- [MATERIAL PROVIDED]
*** Begin section ***

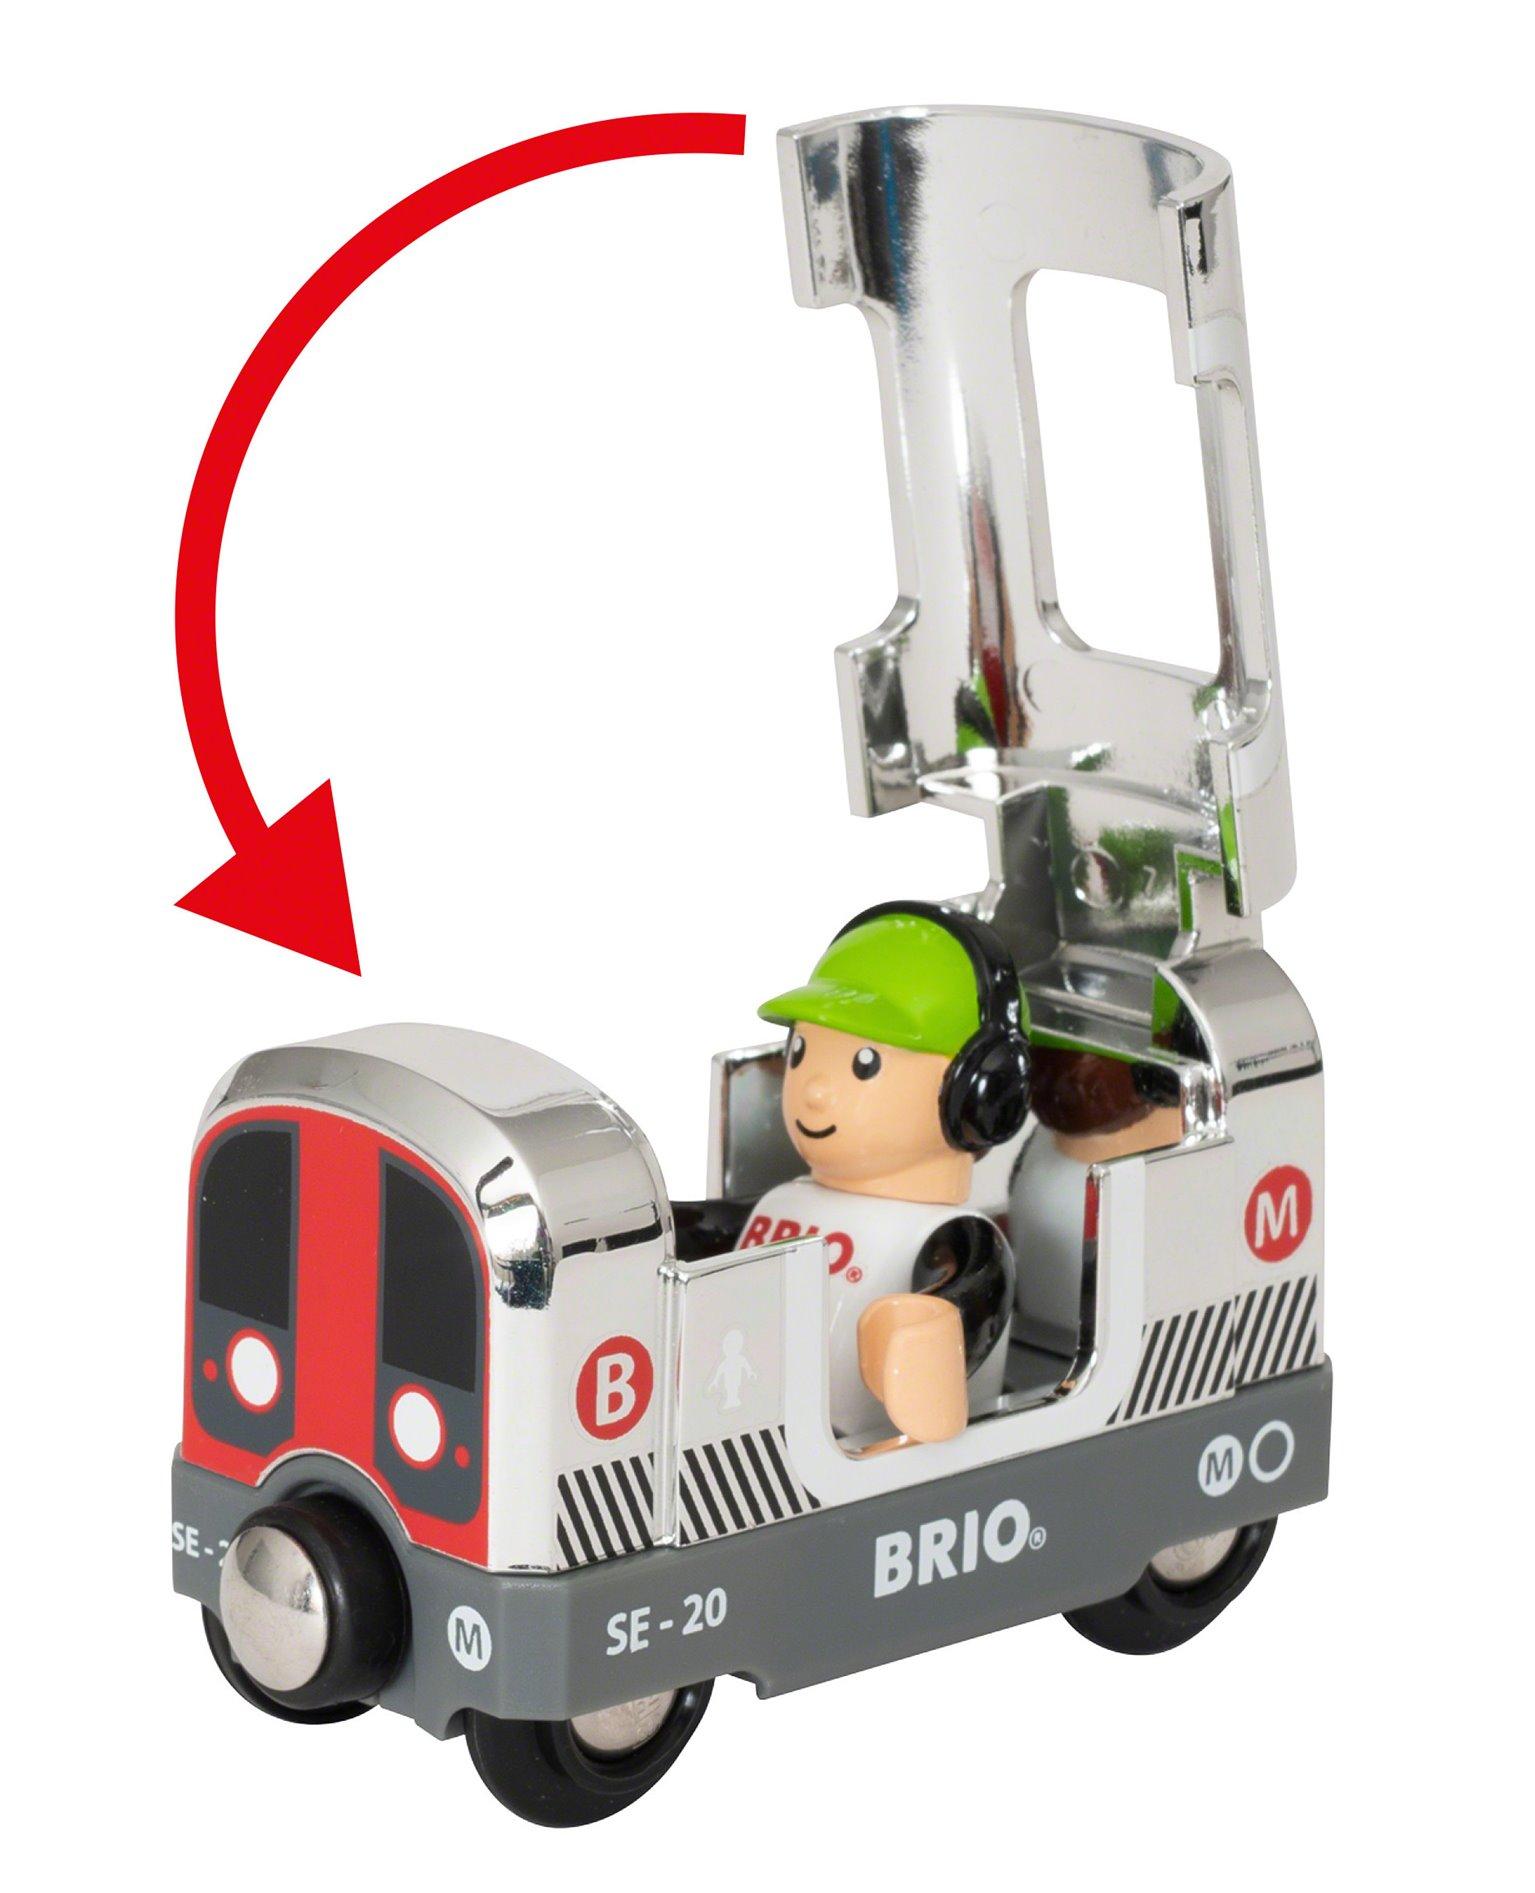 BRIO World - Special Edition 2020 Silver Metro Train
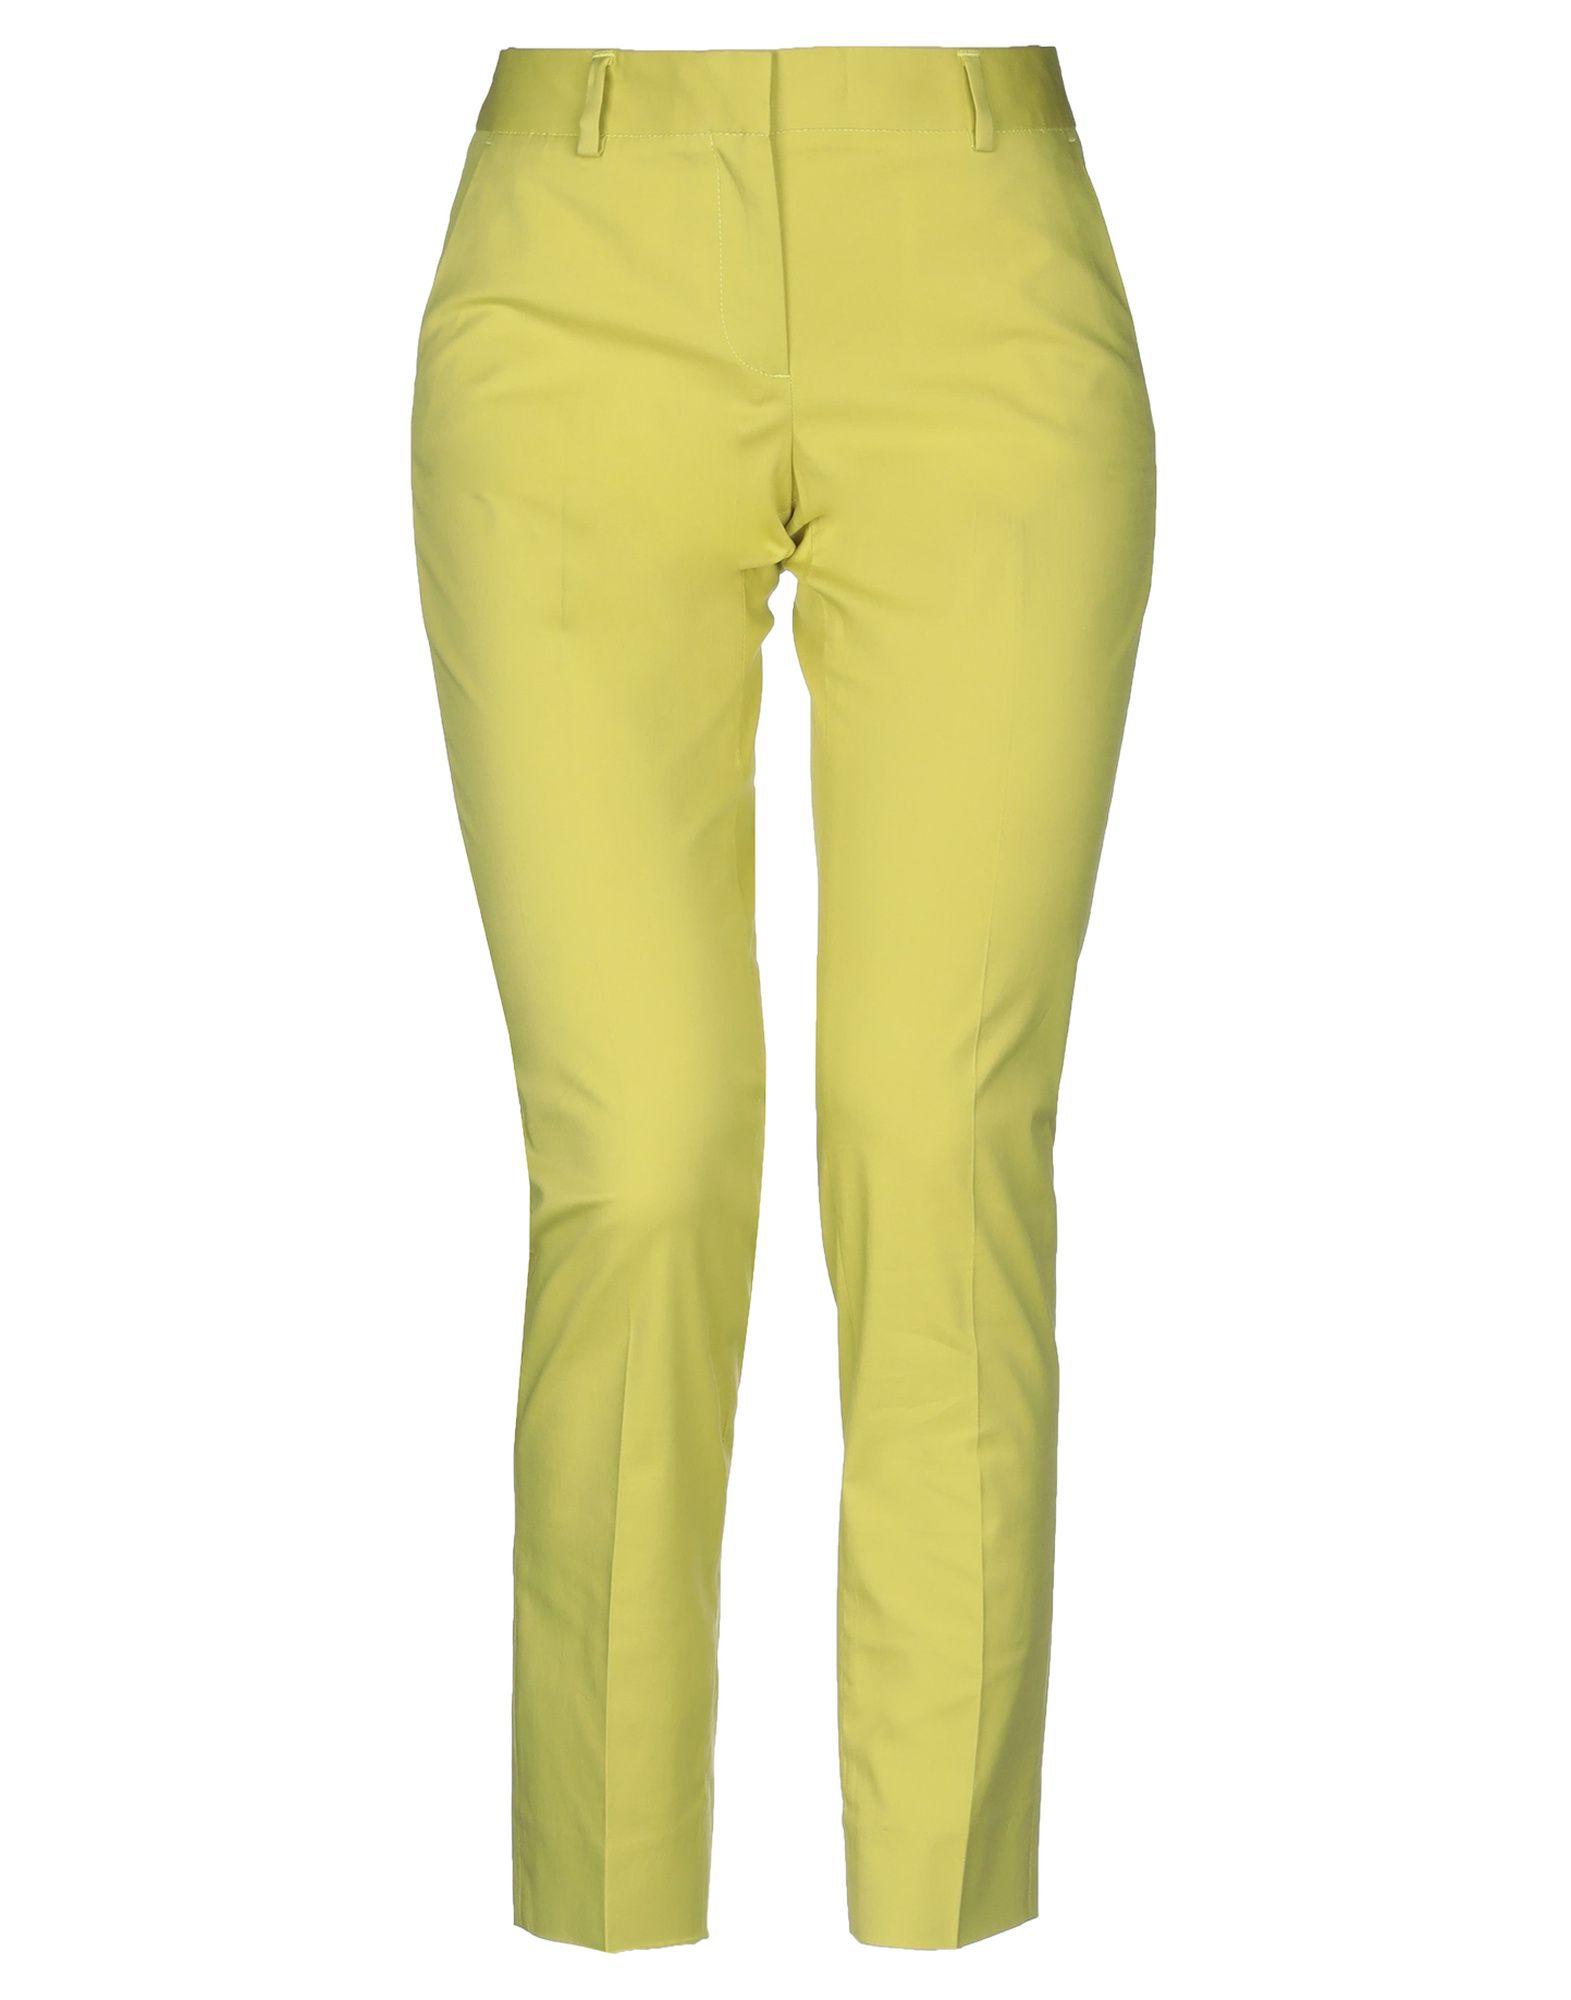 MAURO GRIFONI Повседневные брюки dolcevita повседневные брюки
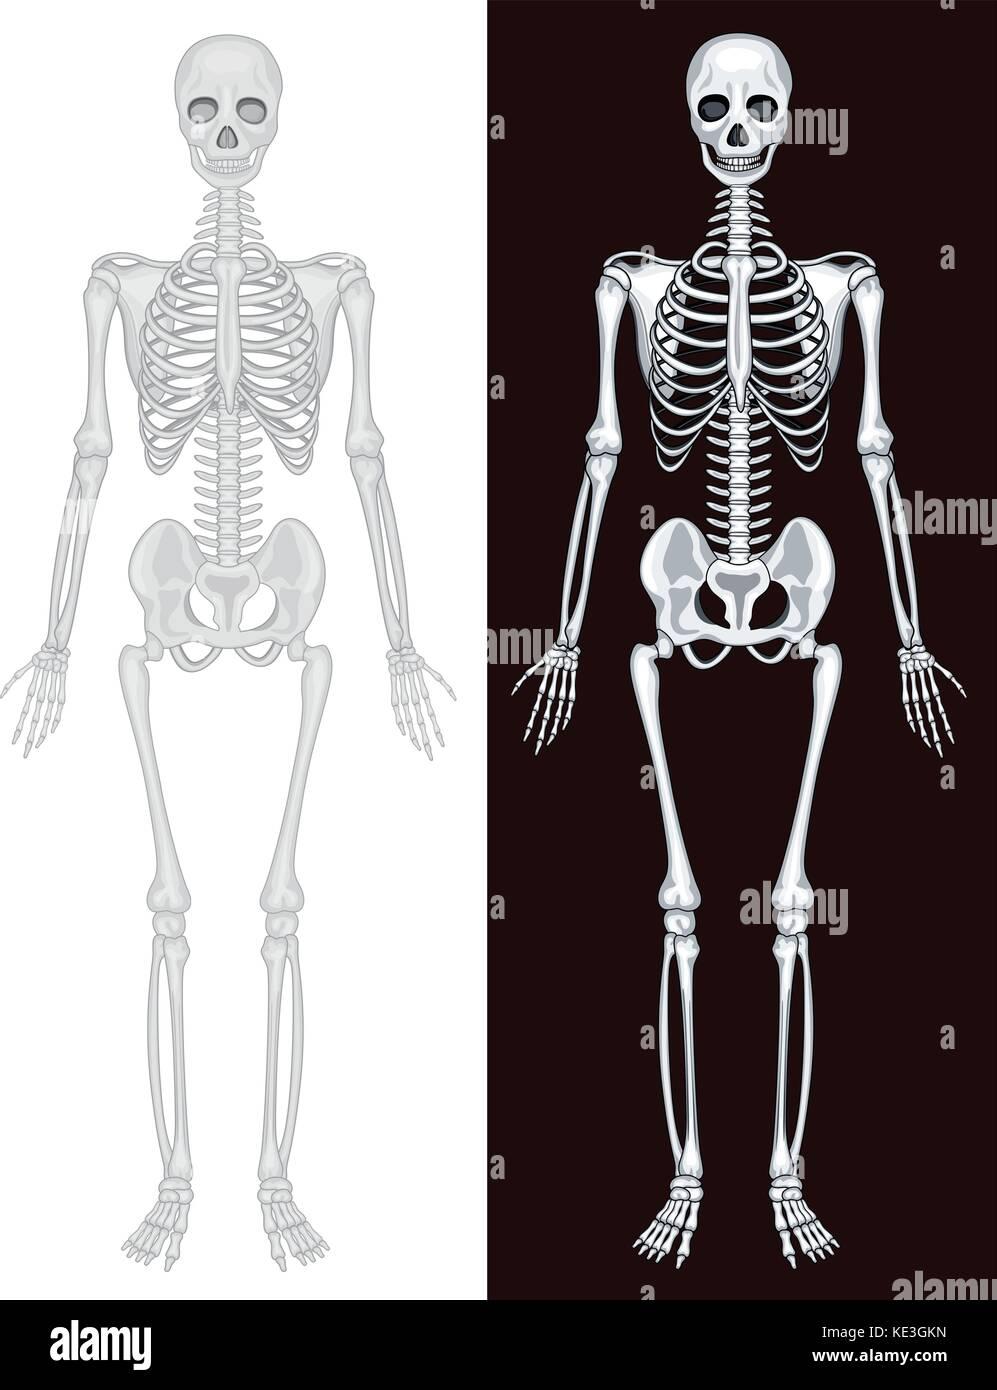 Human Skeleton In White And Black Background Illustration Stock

*** End section ***

- [TASK ITEM] Output the listing exactly, without images.

- [SOLUTION TO THIS PROBLEM]
 BRIO World - Special Edition 2020 Silver Metro Train
 MAURO GRIFONI Повседневные брюки dolcevita повседневные брюки
 Human Skeleton In White And Black Background Illustration Stock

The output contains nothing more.